« Une désolation nommée Paix, Teixcalaan-2 » d’Arkady Martine prend la suite du premier tome paru début 2021. À la suite de la lutte pour la succession, la guerre contre les aliens a été déclarée, aux frontières de l’empire, à un saut de puce de la station Lsel. Or cette guerre débute mal, l’ennemi est invisible et il décime escarmouche après escarmouche, les vaisseaux légers, les « Échardes », de l’armée Teixcalaanlitzim.
Une nouvelle impératrice, Dix-neuf Herminette occupe le trône. Elle a aussi pris sous son aile le rejeton de l’ancien empereur, son « clone à 90 % », Huit Antidote, qui se révèle un garçon fragile et curieux qui arpente les couloirs des ministères et des souterrains du palais en guise de terrain de jeu.
Non loin de la zone de conflit, Mahit Dzmare, l’ambassadrice auprès de Teixcalaan, a rejoint Lsel – sa station natale – où elle subit les foudres des factions politiques rivales. Amnardbat, la responsable qui avait endommagé son imago – la copie du cerveau de l’ancien ambassadeur – ignore que Mahit a récupéré à Teixcalaan la copie non détériorée, et mise à jour, sur le cadavre de l’ambassadeur. Consciente que l’initiative politique lui a échappé, Amnardbat exige que Mahit se soumette à un contrôle et qu’elle s’étende sur une table d’opération, afin de récupérer l’imago soupçonnée, au risque qu’un « accident » ait raison de cette envoyée trop admirative de Teixcalaan.
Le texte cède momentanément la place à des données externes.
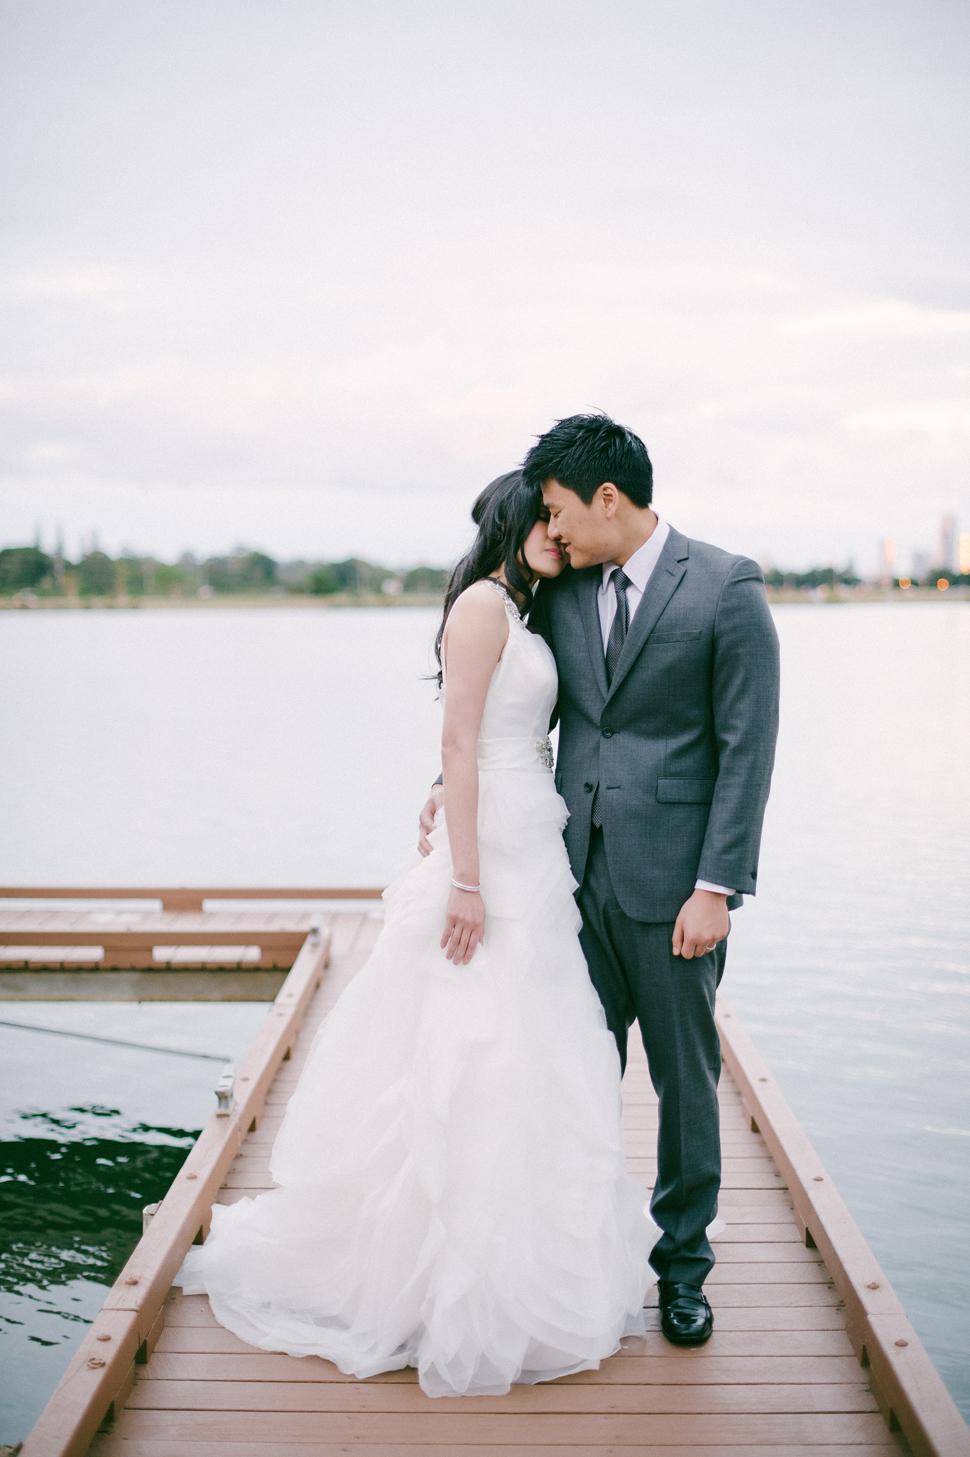 uyen-ron-wedding-emerald-lakes-gold-coast-photographer038
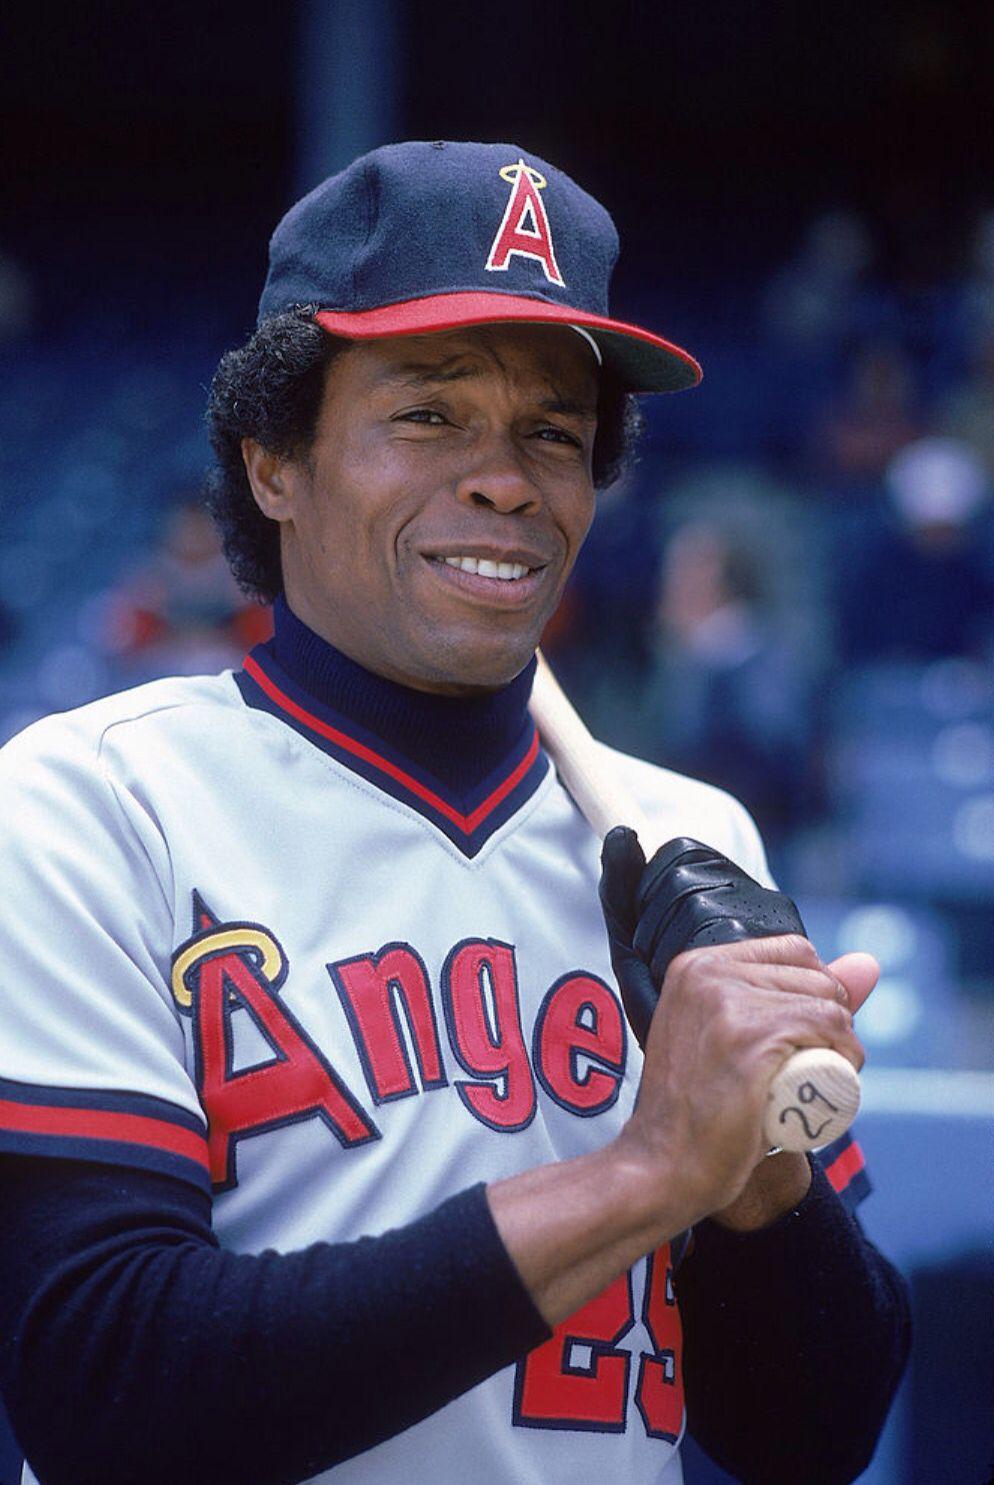 Rod Carew Anaheim angels baseball, Angels baseball, Rod

L’idée féconde du récit vient de Neuf Hibiscus, la commandante des légions. Alors que le conflit fait rage et que les aliens prennent l’avantage, elle court-circuite le ministère de la guerre pour faire appel à celui de l’information, plus proche de l’impératrice, où officie Trois Posidonie, l’amie de Mahit Dzmare.
Talleyrand disait : « Méfiez-vous du premier geste, c’est le bon. » La première décision de Trois Posidonie consiste à s’autodésigner émissaire impériale et à se rendre en personne dans la flotte Teixcalaanlitzim. Passant par la station Lsel, elle réclame l’assistance de l’ambassadrice, dont le talent pour les langues étrangères est reconnu et l’extirpe des griffes de ceux qui voulaient la charcuter.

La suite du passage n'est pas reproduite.